Farhat connaissait ce côté chicaneur de Ajmi qui était champion pour trouver des prétextes à procès. Nombreux parmi ses connaissances faisaient appel à son savoir étendu et à son expérience dans le domaine. Lorsqu’il n’était pas au tribunal, il donnait bénévolement des conseils juridiques à ses amis et aux gens qu’ils lui envoyaient au café du centre ville qui lui tenait lieu de bureau. Hier encore, une femme est venue le voir, de la part d’un ami commun, pour lui demander si elle avait une chance de récupérer les bijoux offerts par son fils à une fiancée qu’il a fini par ne pas épouser. Un autre retraité désœuvré qui passe son temps à discutailler et à lire les journaux dans le hall d’un grand hôtel du boulevard, où il organise ses rendez-vous en évitant de consommer, est tombé, victime d’une chaise brisée, est venu lui demander s’il pouvait espérer quelques subsides.
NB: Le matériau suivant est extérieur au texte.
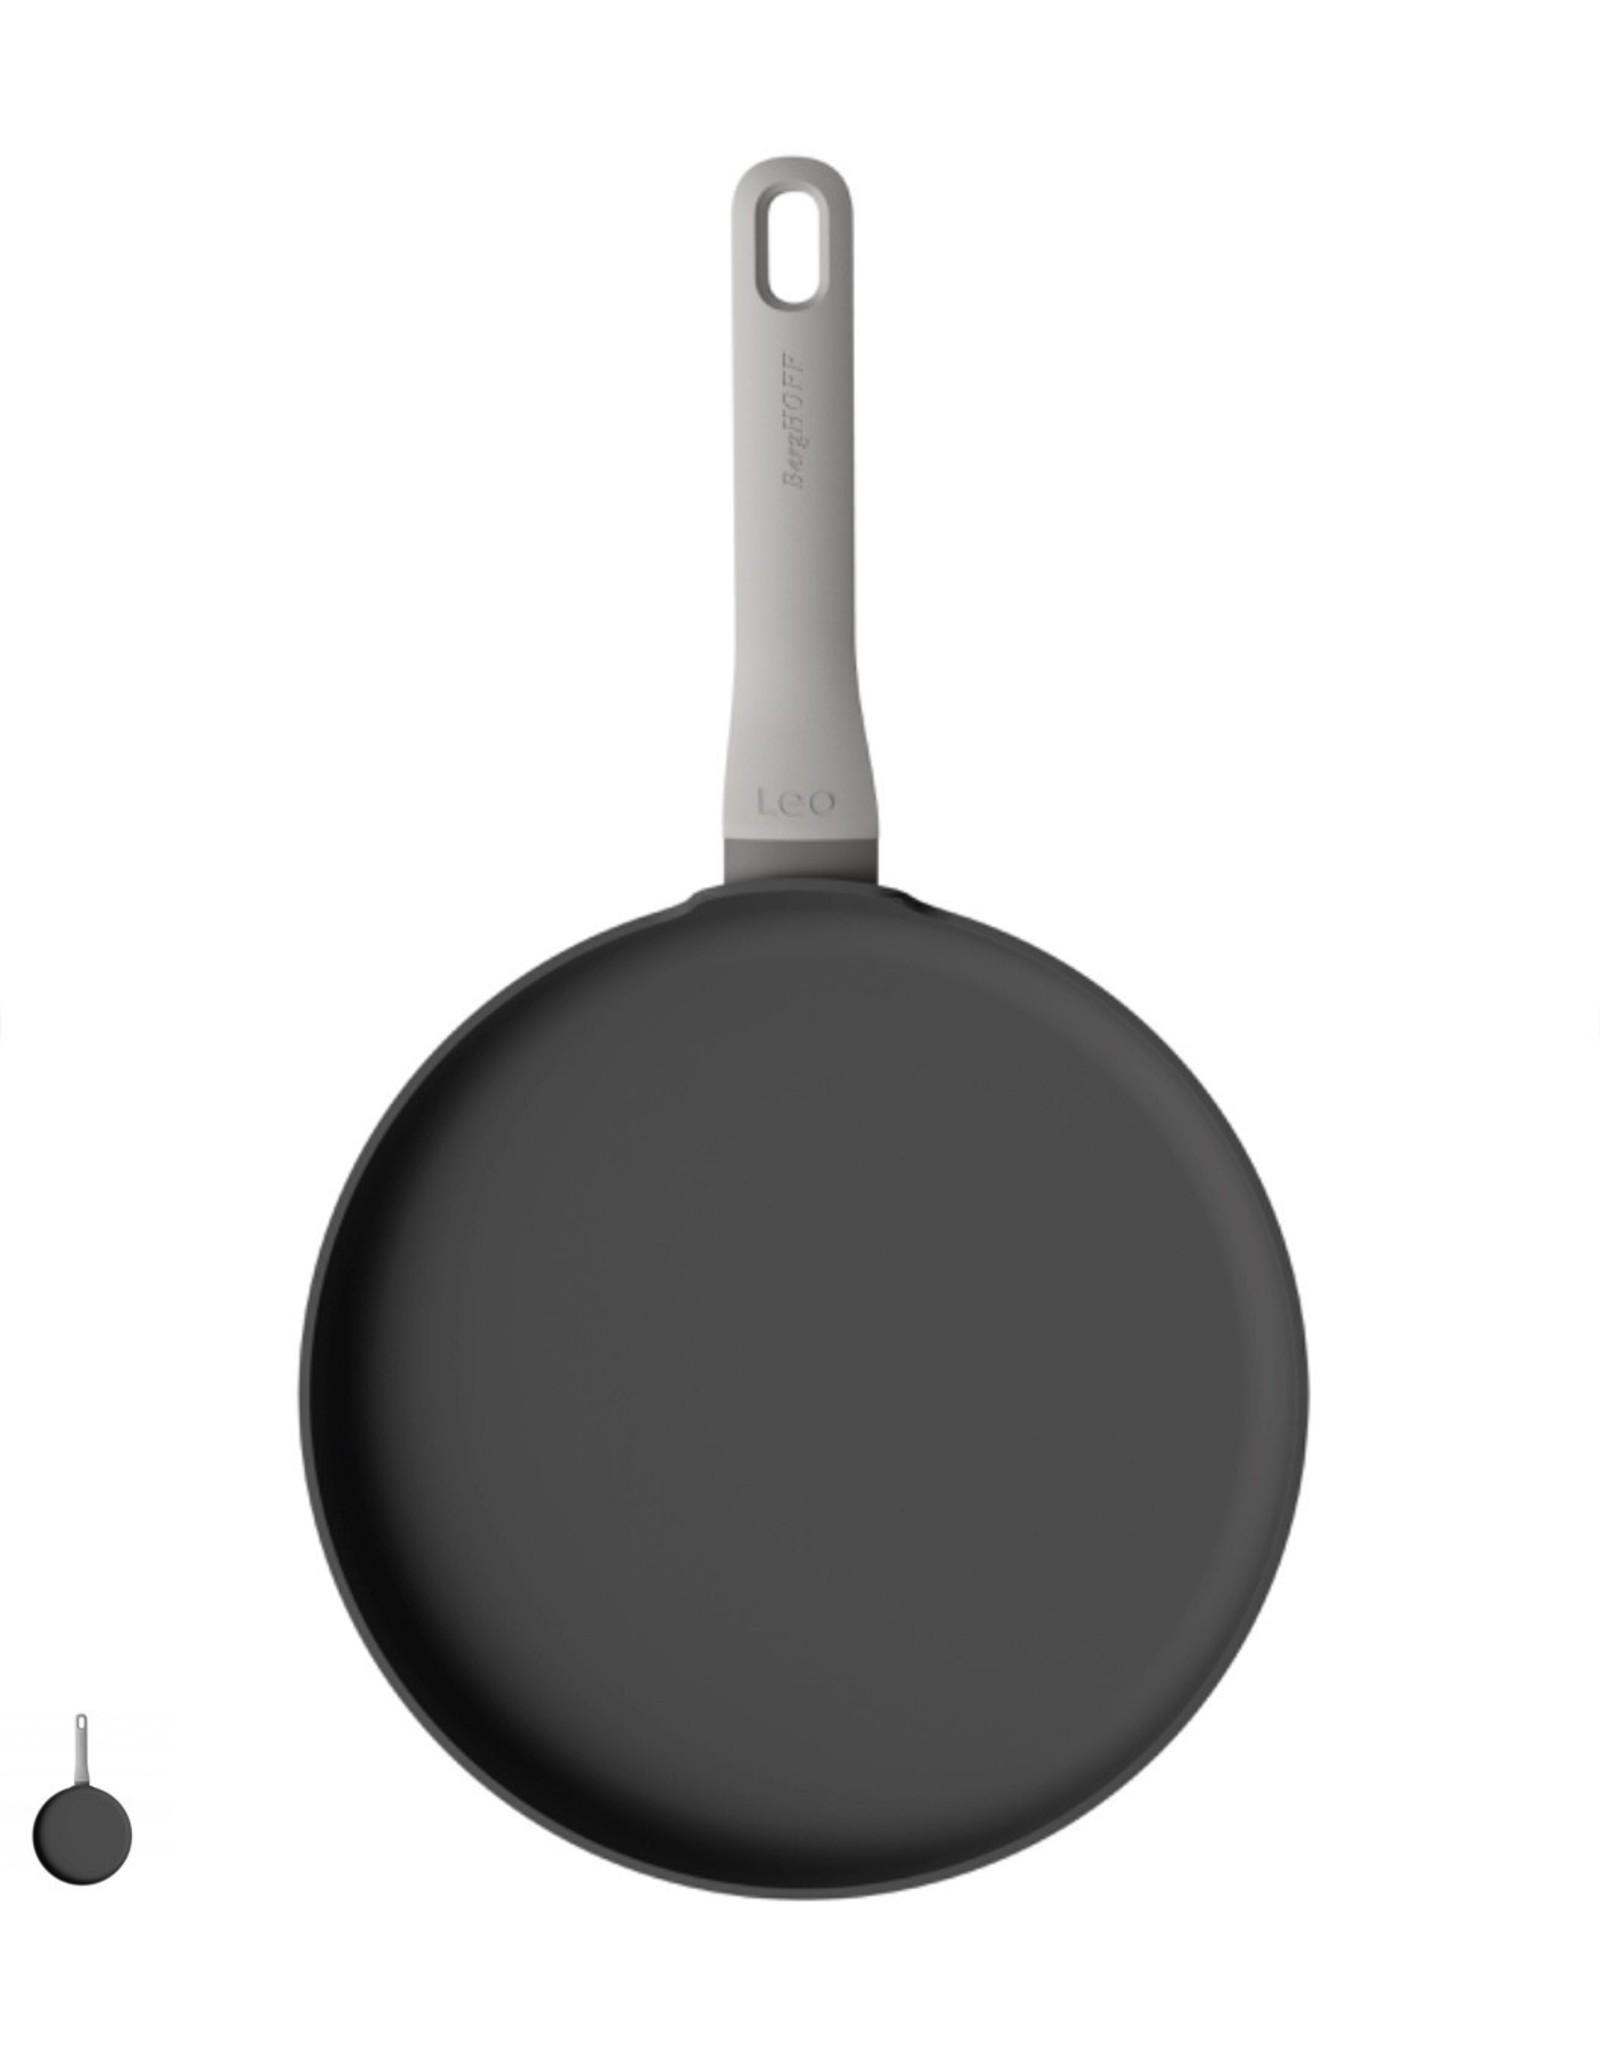 Berghoff BergHoff. Leo Line omeletpan 25cm
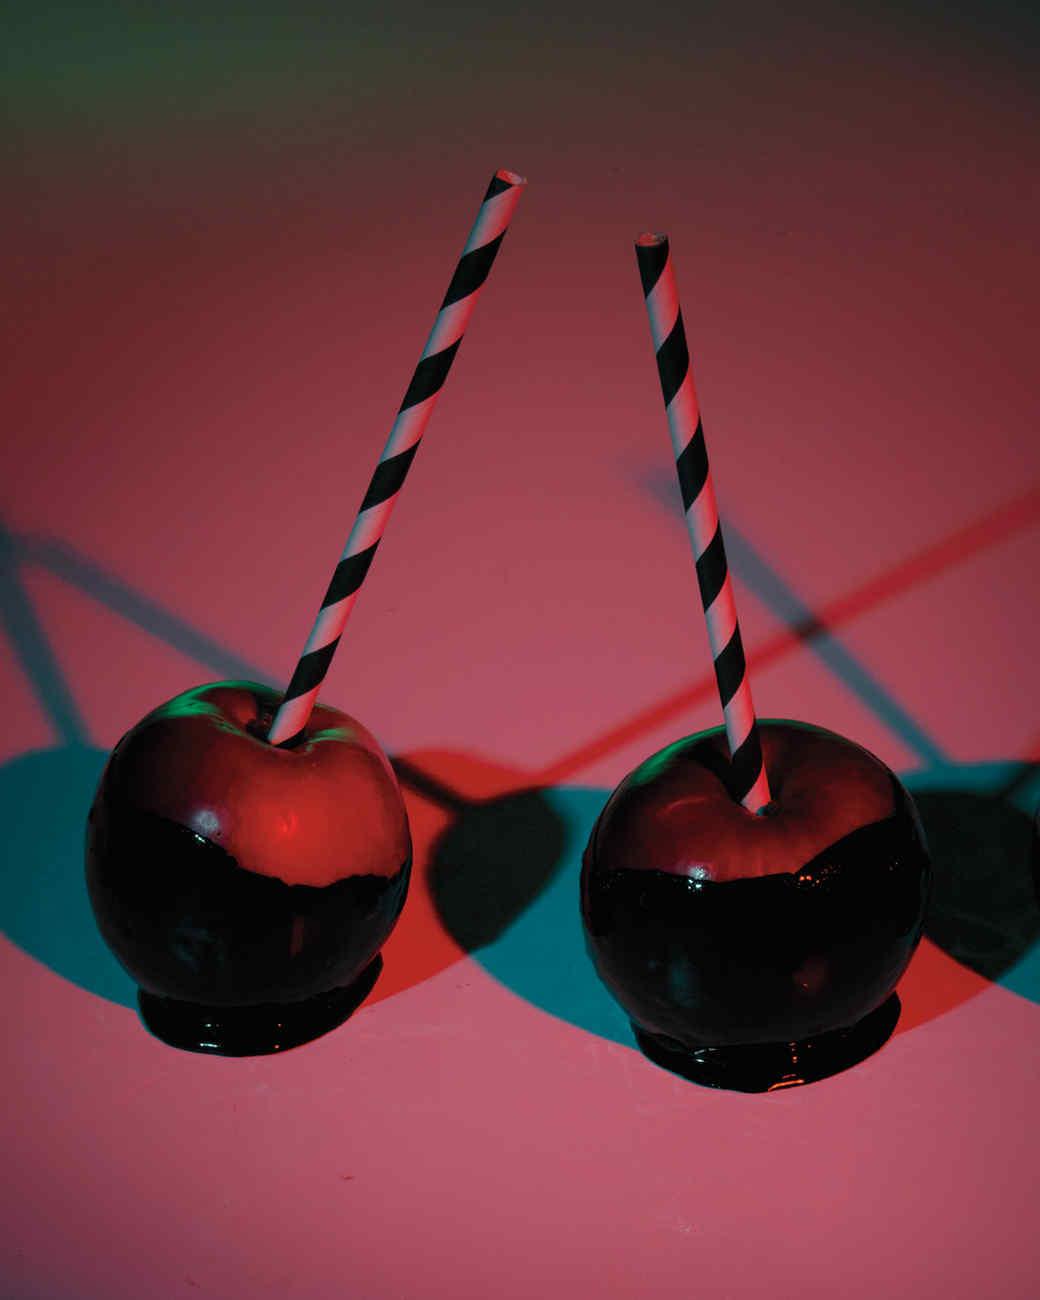 apples-003-md109073.jpg

Ajmi l’envoya voir un médecin de ses connaissances pour inventer un préjudice physique et porter plainte.
L’homme était aux anges et en profita pour lui exposer un autre cas de figure : sa bonne couchante qui a abusé de la dette qu’il lui a concédée chez l’épicier du coin pour son propre ménage et poussé le crédit à plus de mille dinars en deux mois. Ajmi lui répond que là, ce n’était pas possible, parce que la loi ne protège pas les sots.
Le soliloque de Ajmi fut interrompu par l’appel à Farhat et à sa sœur à rejoindre le bureau du juge, lancé par un commis nonchalant qui en profita, dans l’espoir d’une petite récompense, pour pousser un soupir invocateur sensé marquer son indifférence aux hommes et sa proximité avec Dieu.
Farhat se retrouva devant une jeune juge qu’il ne connaissait pas. Mais l’absence du fonctionnaire qui aurait dû être là, à sa place ne l’a pas contrarié. Il avait de toute façon perdu tous ses moyens, il n’avait pas envie de parler, il se toucha le menton puis descendit jusqu’au col de la veste et versa une larme sur la viduité de sa chemise blanche. Il laissa sa sœur défendre sa cause sans aucune animosité et se contenta, lorsque la femme de loi lui demanda de défendre sa cause, de balbutier : ce n’est pas ce que j’ai voulu ! Ce n’est pas ce que j’ai voulu ! Donnant presque l’impression de soutenir le point de vue de sa petite sœur.
Rentré chez lui, Farhat trouva, en remettant son costume dans la garde-robe, trois cravates accrochées à un cintre qu’il n’avait pas repéré, le matin, au moment de s’habiller et que sa femme avait nouées avant son départ à Jendouba, sans doute pour lui éviter les déboires qu’il venait de subir.